How to Build and Maintain Muscle While Taking a GLP-1
GLP-1 medications are becoming a much bigger part of the conversation around weight management, and with that comes a lot of questions — especially from people who care about strength, muscle, and long-term health.
One of the most common questions I hear is:
“Can I still build muscle if I’m taking a GLP-1?”
The short answer is yes — but it requires intention.
GLP-1 medications can be incredibly helpful tools for some individuals, especially when it comes to appetite regulation and improving metabolic health. As I’ve shared before, I’m not anti-medication.

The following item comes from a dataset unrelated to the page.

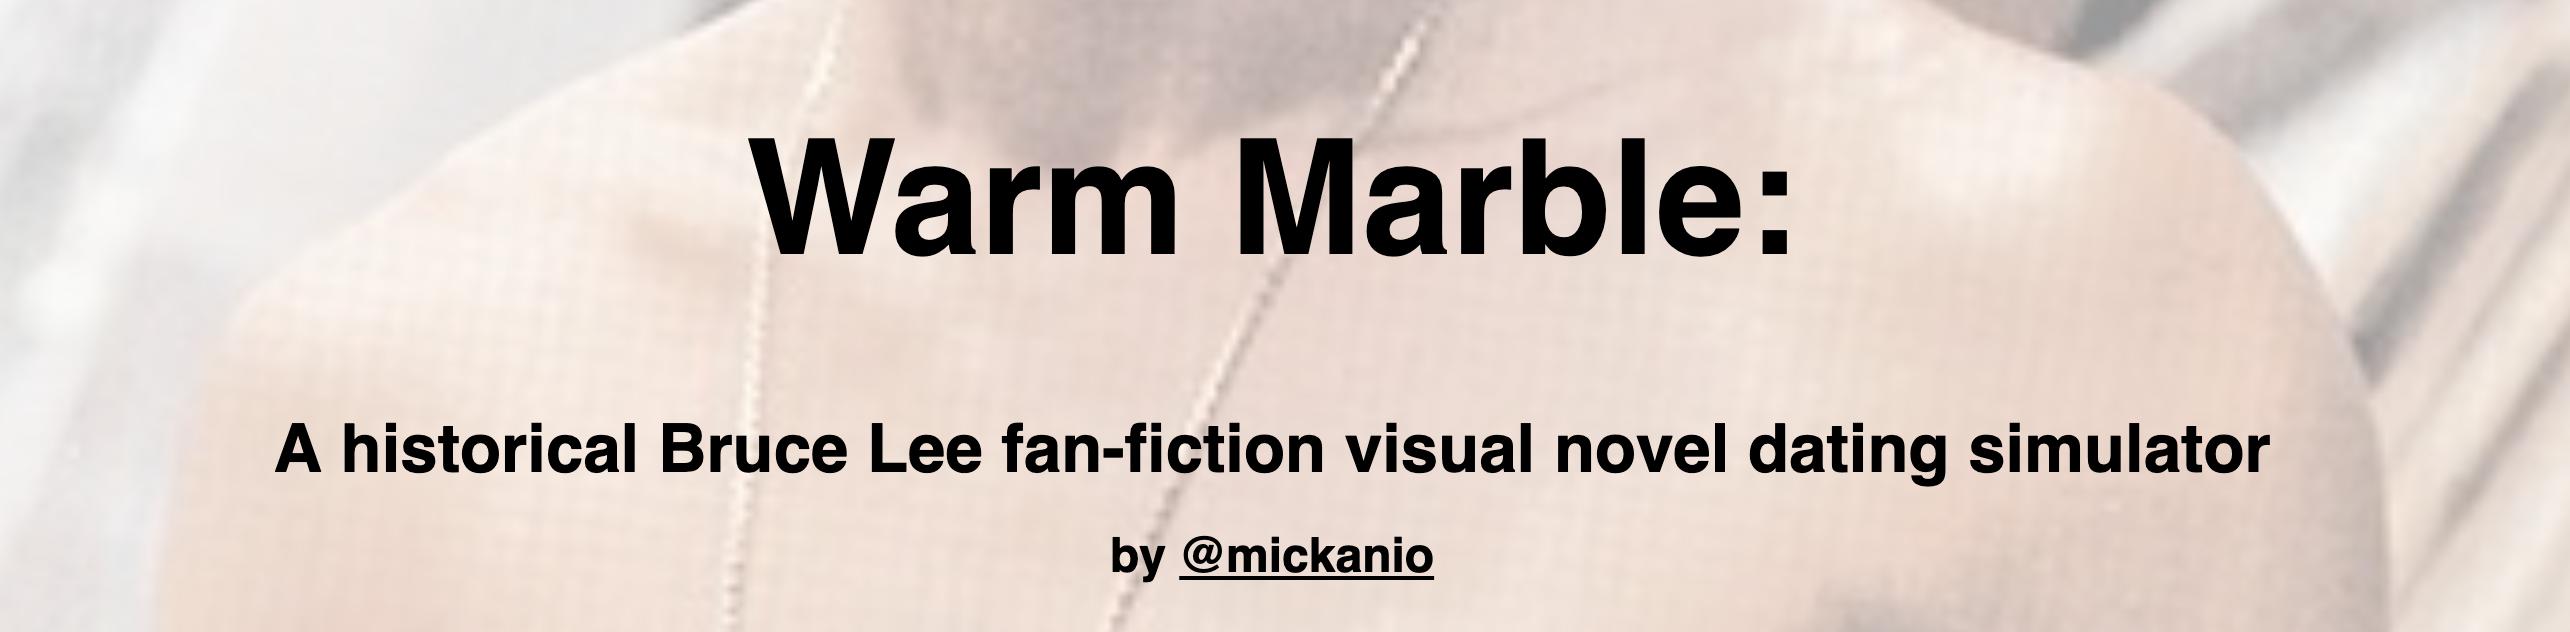 Warm Marble

These drugs exist for a reason, and for the right person they can be genuinely life-changing.
What matters most is how they’re used alongside lifestyle habits, especially when it comes to preserving and building muscle.

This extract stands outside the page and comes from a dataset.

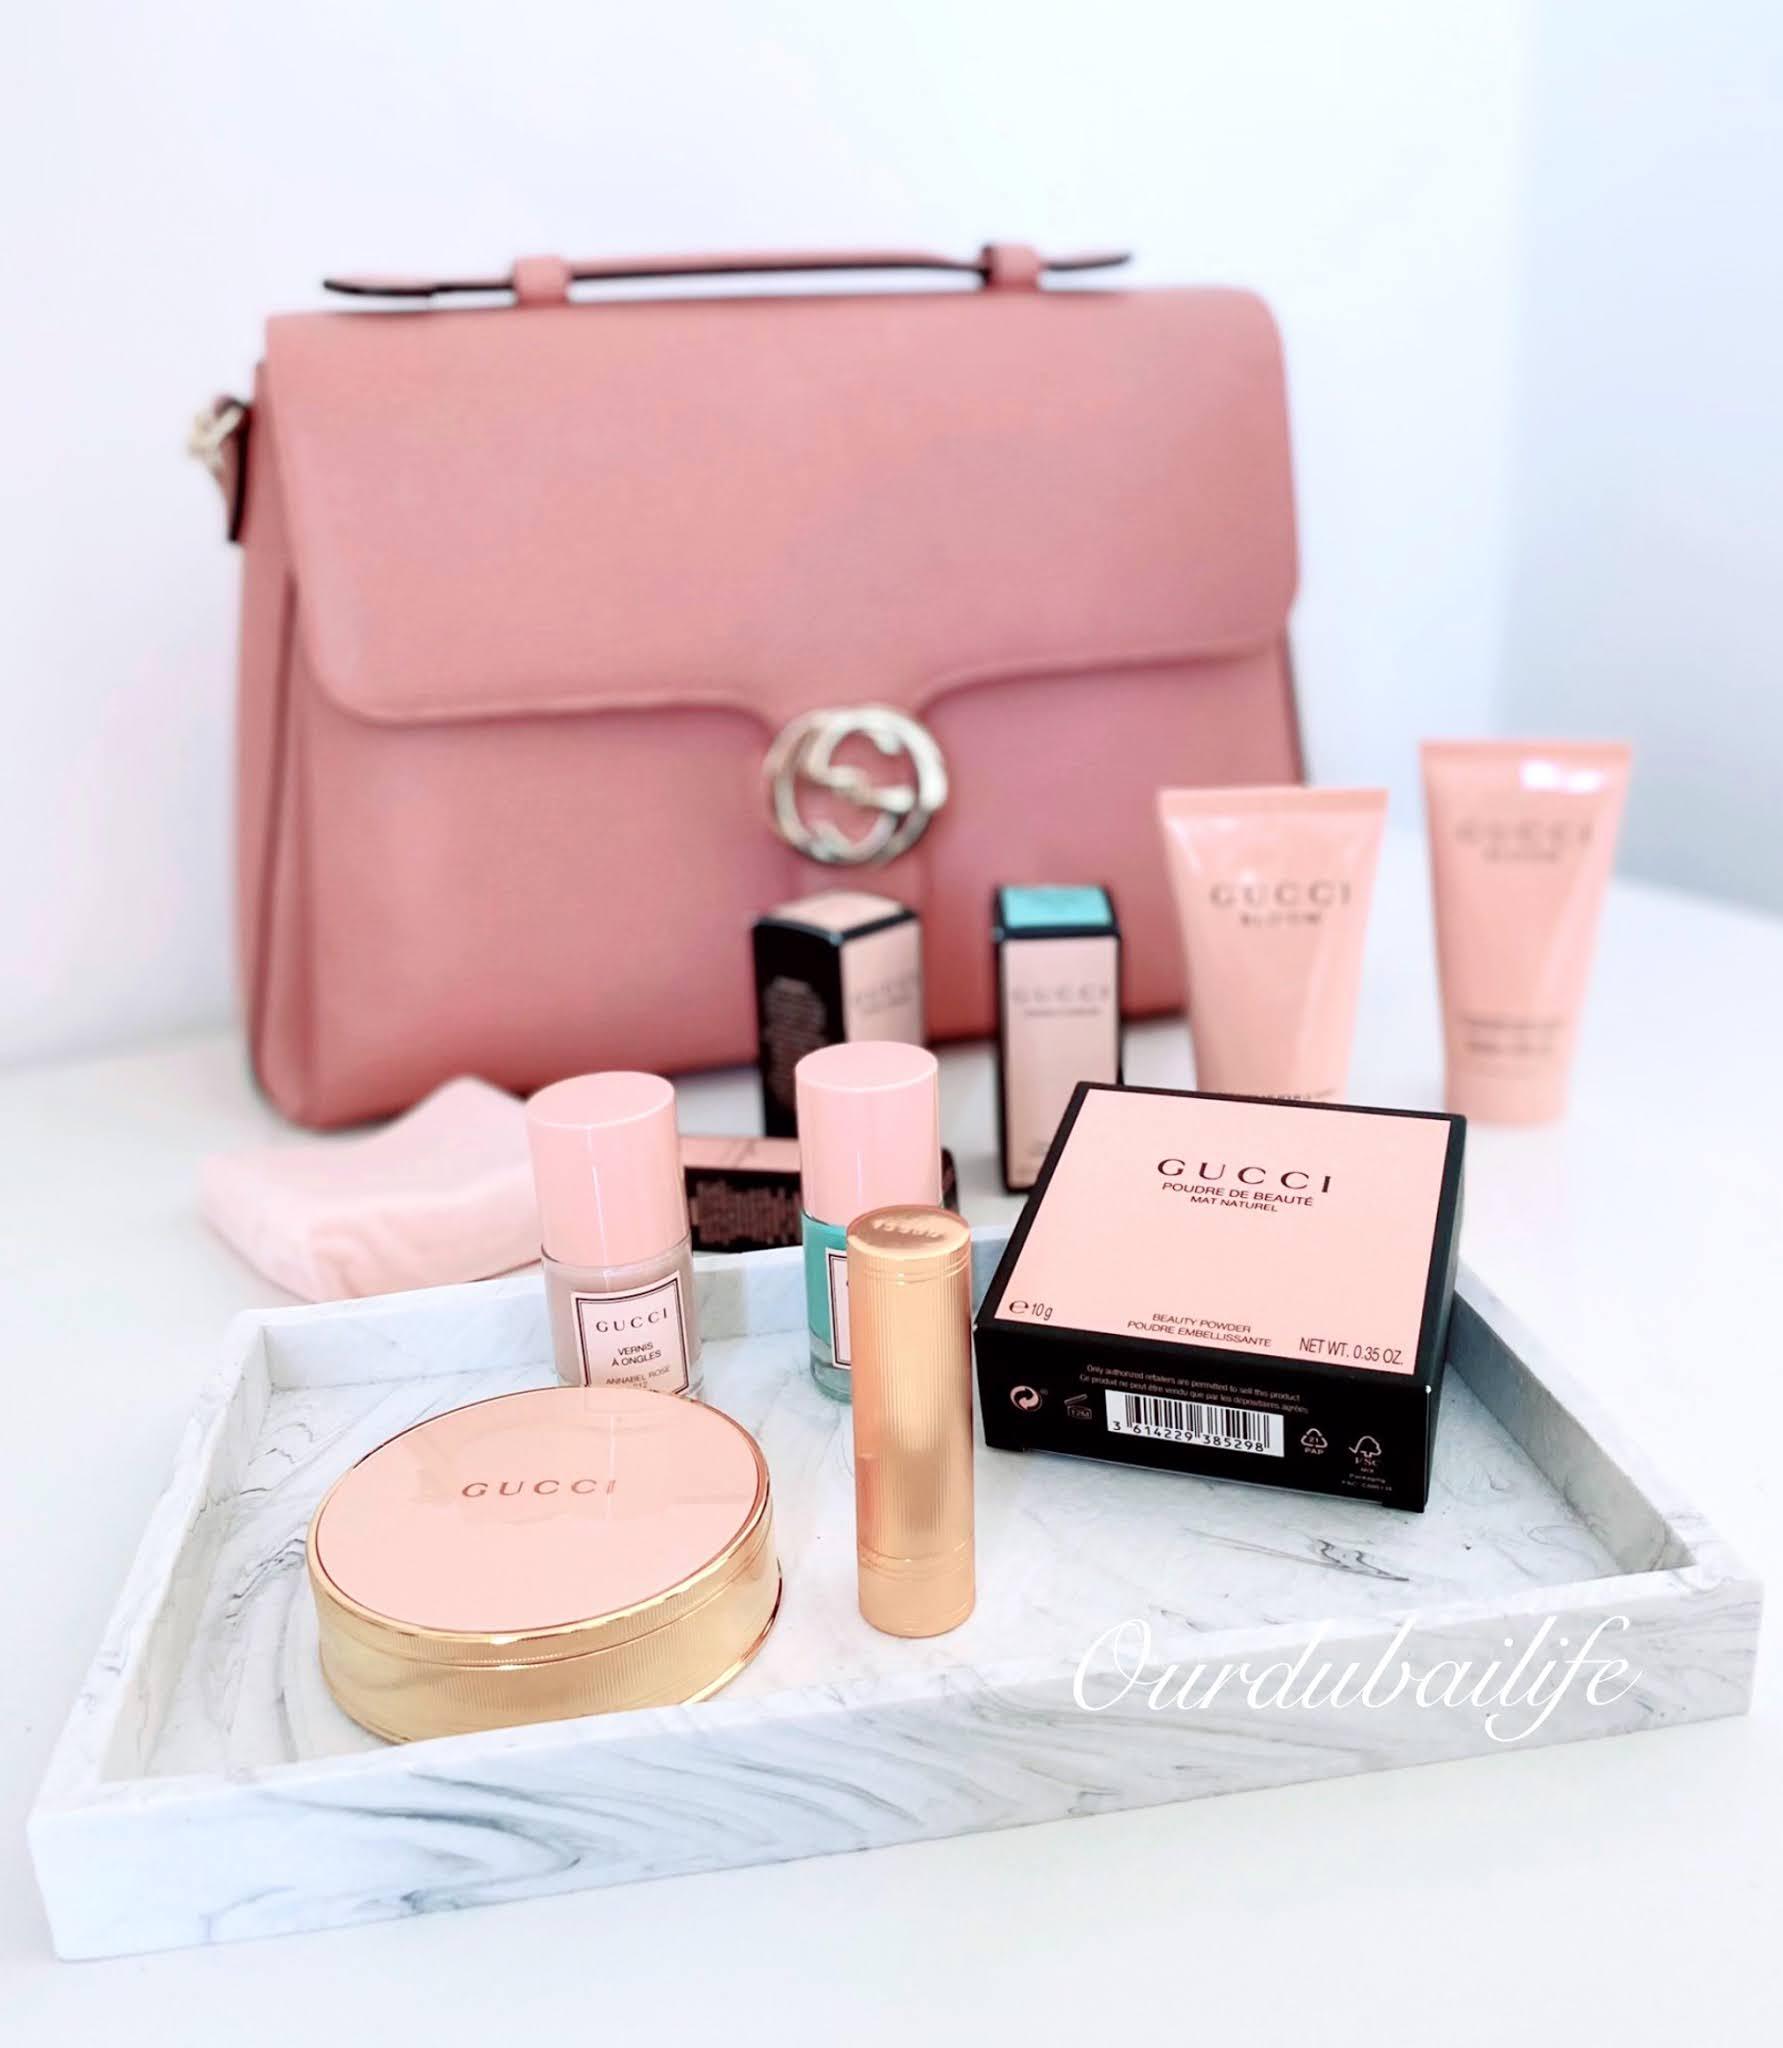 Gucci Pink bag and Gucci 2020 makeup

Because here’s the reality: when someone loses weight quickly — whether through medication, dieting, or other methods — some of that weight can come from muscle if the right strategies aren’t in place.
And muscle matters.
Muscle supports metabolism, strength, bone health, longevity, and overall resilience in the body. Protecting it (and ideally building it) should always be part of the conversation.
So let’s talk about how GLP-1s work, and what you can do to support muscle while taking them.
How GLP-1 Medications Work
GLP-1 receptor agonists mimic a hormone your body naturally produces called glucagon-like peptide-1.
This hormone helps regulate blood sugar and appetite by:
• Slowing stomach emptying
• Increasing feelings of fullness
• Reducing hunger signals in the brain
• Supporting insulin regulation
For many people, this leads to a significant reduction in calorie intake, which is why these medications are effective for weight loss.
But this also creates a potential challenge.
When calorie intake drops significantly — especially if protein intake and resistance training aren’t prioritized — the body may break down muscle tissue alongside fat.
This isn’t unique to GLP-1s. It can happen during any aggressive calorie deficit.
The difference is that with appetite suppression, some people unintentionally eat far less than their body needs to support muscle maintenance.
Which brings us to the most important part.
The Muscle Conversation
Research on weight loss shows that 20–30% of weight lost can come from lean mass if strength training and adequate protein intake aren’t prioritized.
That’s why the goal shouldn’t simply be weight loss — it should be body composition improvement.
In other words:
less fat, maintained or increased muscle.
Building or preserving muscle while using a GLP-1 comes down to three key pillars.
1. Strength Training Has to Be Part of the Plan
Resistance training is the strongest signal you can send your body to maintain or build muscle.
Without it, the body has little reason to preserve muscle during weight loss.
This doesn’t mean you need hours in the gym. What matters is consistent progressive resistance.
That can look like:
• 2–4 strength sessions per week
• Training major muscle groups
• Gradually increasing resistance over time
• Challenging your muscles with intention
Even simple strength routines can make a massive difference in preserving lean tissue.
2. Protein Intake Becomes Even More Important
Muscle is built and maintained through muscle protein synthesis, which requires sufficient amino acids — the building blocks found in protein.
When appetite is suppressed, protein intake often drops unintentionally.
Prioritizing protein helps:
• Preserve lean muscle mass
• Support recovery from training
• Improve satiety and blood sugar stability
A simple framework many people find helpful is aiming for a quality protein source at each meal and building meals around it.
This doesn’t have to be complicated — eggs, fish, chicken, Greek yogurt, tofu, beans, protein smoothies — it all counts.
3. Fueling Still Matters
One of the biggest misconceptions about GLP-1 medications is that less food is always better.
But if energy intake becomes too low, the body struggles to recover from workouts and build muscle effectively.
Muscle growth requires:
• adequate protein
• resistance training stimulus
• enough overall energy to recover
This doesn’t mean eating large amounts — it means fueling intentionally, not accidentally under-fueling.
The Big Picture
GLP-1 medications can help regulate appetite, but they don’t replace the habits that support long-term health.
Strength training builds resilience in the body.
Nutrition fuels recovery and muscle growth.
Cardio supports cardiovascular and metabolic health.
These pieces work best together.
Medication may be part of someone’s journey, but the goal remains the same: building a body that is strong, capable, and supported for the long run.
A Final Thought
If you are using a GLP-1 — or considering one — remember that the number on the scale isn’t the only thing that matters.
Protecting muscle, building strength, and maintaining sustainable habits will always be more important than losing weight as quickly as possible.
Because long-term health isn’t built through shortcuts.
It’s built through tools used thoughtfully, habits built consistently, and strength developed over time.